We have an advocate with the Father, Jesus Christ the righteous.--The word here translated Advocate was translated Comforter in John 14:16; John 14:25; John 15:26; John 16:7. It has two meanings; one, as in Job 16:2, he who comforts, or exhorts; the other, as here, he who is appealed to--a proxy, or attorney. (Comp. Romans 8:26; Hebrews 4:14-16; Hebrews 7:25.) The Redeemer, the Word made flesh, and reascended with His human nature, is that part of the Deity which assures us of the ever-active vitality of divine love. If the justice of God is connected most with the Father, the mercy is pledged by the Son. He has exalted our nature, undertaken our interests, presents our prayers, and will one day be surrounded by the countless millions of His human brothers whom He has rescued, wearing the same nature as Himself. He is represented as continuing our advocate, because otherwise His work might appear a mere separate earthly manifestation; "righteous," because Christ, the only blameless example of human nature, can alone intercede for it with God (Hebrews 7:26; 1 Peter 3:18; John 16:8-10). The Armenian translation actually adds "and blameless." Augustine remarks that St. John did not set forth any apostle or saint as intercessor (here, if anywhere, he would have done so), but only Christ. "We" is not the Church corporately, but merely another instance of St. John's kindly delicacy, as in 1 John 1:6, &c.

(2) And he is the propitiation for our sins.--On the word "propitiation," see the Introduction. By the satisfaction which the voluntary sacrifice of the Saviour offered to that divine order which requires the punishment of rebellion, both for its own correction and for a universal warning, the whole Deity has been rendered propitious, His graciousness has been called out, the righteousness of Romans 3:16 has been set in motion, that willeth not the death of a sinner, and is higher than mere retributive justice. (Comp. 1 John 4:10; John 14:5-6; 1 Corinthians 1:30; 2 Corinthians 5:18; 2 Corinthians 5:21; Hebrews 2:17; Hebrews 9:28; Hebrews 10:20; 1 Peter 2:21-24.)

And not for ours only, but also for the sins of the whole world.--This statement must not be limited. Its scope is that Christ's redemption was offered for the whole of mankind, from Adam to the last man.
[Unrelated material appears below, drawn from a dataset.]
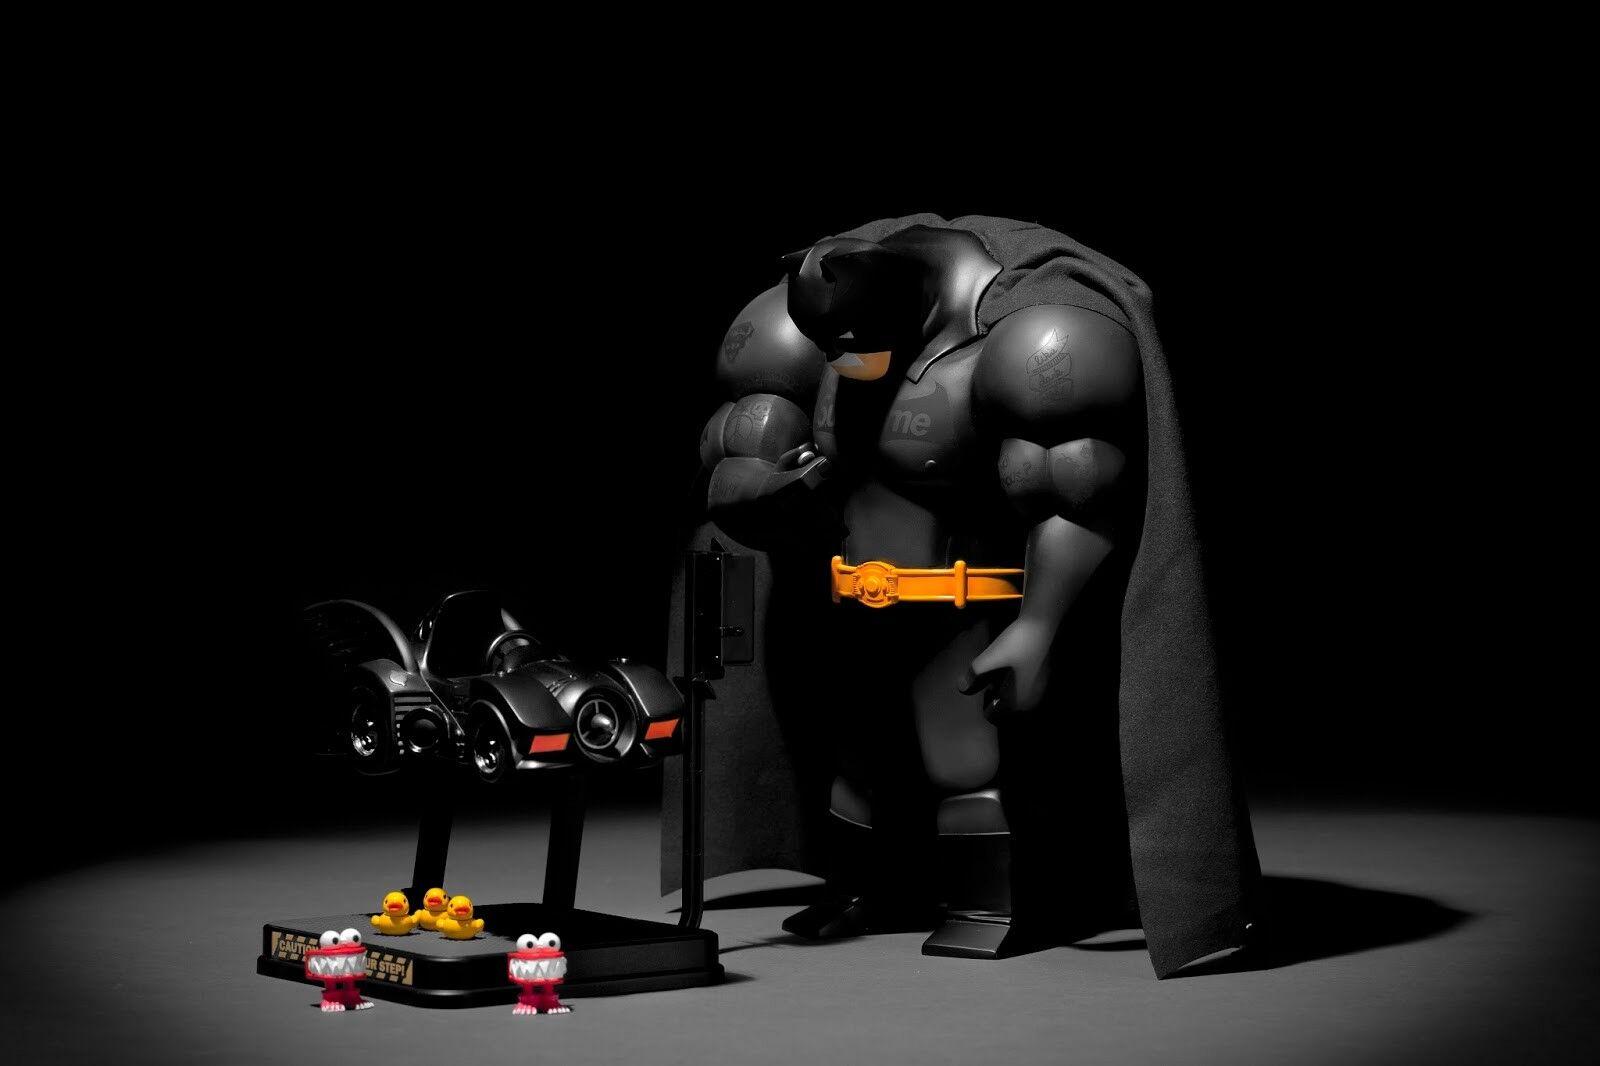 Fools Paradise The Dark Rise 89 läderlappen DC serier Colleble figure 1pc

Who lay hold of the redemption, must be determined on other considerations. (Comp. 1 John 4:14; John 1:29; John 4:42.) Multitudes may be saved through this redemption who never heard of Christ (Acts 10:34-35; Romans 2:14-15). St. John's object in introducing this truth here is to rebuke the arrogance of those Christians who looked down on the non-Christian world as outside the Fatherhood and mercies of God. Such an error might be seen, for example, in the heated partisanship of a Crusader or persecutor for a civilisation politically Christian against one outside his own sympathies. (Comp. Titus 3:2-7; Romans 11:17-18.)

Verses 1, 2. - Moreover, walking in the light involves accepting the propitiation wrought through Jesus Christ the Righteous. The connexion with the preceding is close. We have just had

(1) the confession that we do sin; we now have

(2) the principle that we must not sin; and

(3) the consolation that sin is not irremediable. Verse 1. - My little children; or, perhaps, my dear children; or, simply, my children. The diminutive τεκνία, if it retains any force, expresses endearment rather than smallness or youth. The word occurs only once outside this Epistle (John 13:33), and it was, perhaps, from Christ's use of it then that St. John adopted it (verses 12, 28; 1 John 3:7, 18; 1 John 4:4; 1 John 5:21). In Galatians 4:19 the reading is doubtful Cf. Τί με φεύγεις, τέκνον τὸν σαυτοῦ πατέρα; in the beautiful story of St. John and the young robber (Eusebius, 'Hist. Eccl.,' III. 23:17). As distinct from παιδία (1 John 2:13, 18), the word seems to imply spiritual fatherhood. These things (the section, 1 John 1:5-10) I write to you, that ye may not sin. The aorist forbids the rendering, "continue in sin;" as before, those who are walking in light and yet sin through frailty are addressed. Two apparently contradictory principles have been set forth: you must walk in light; you must confess that you sin. St. John now goes on to reconcile them. I write

(1) to charge you not to sin;

(2) [to tell you that] if we sin, we have an Advocate.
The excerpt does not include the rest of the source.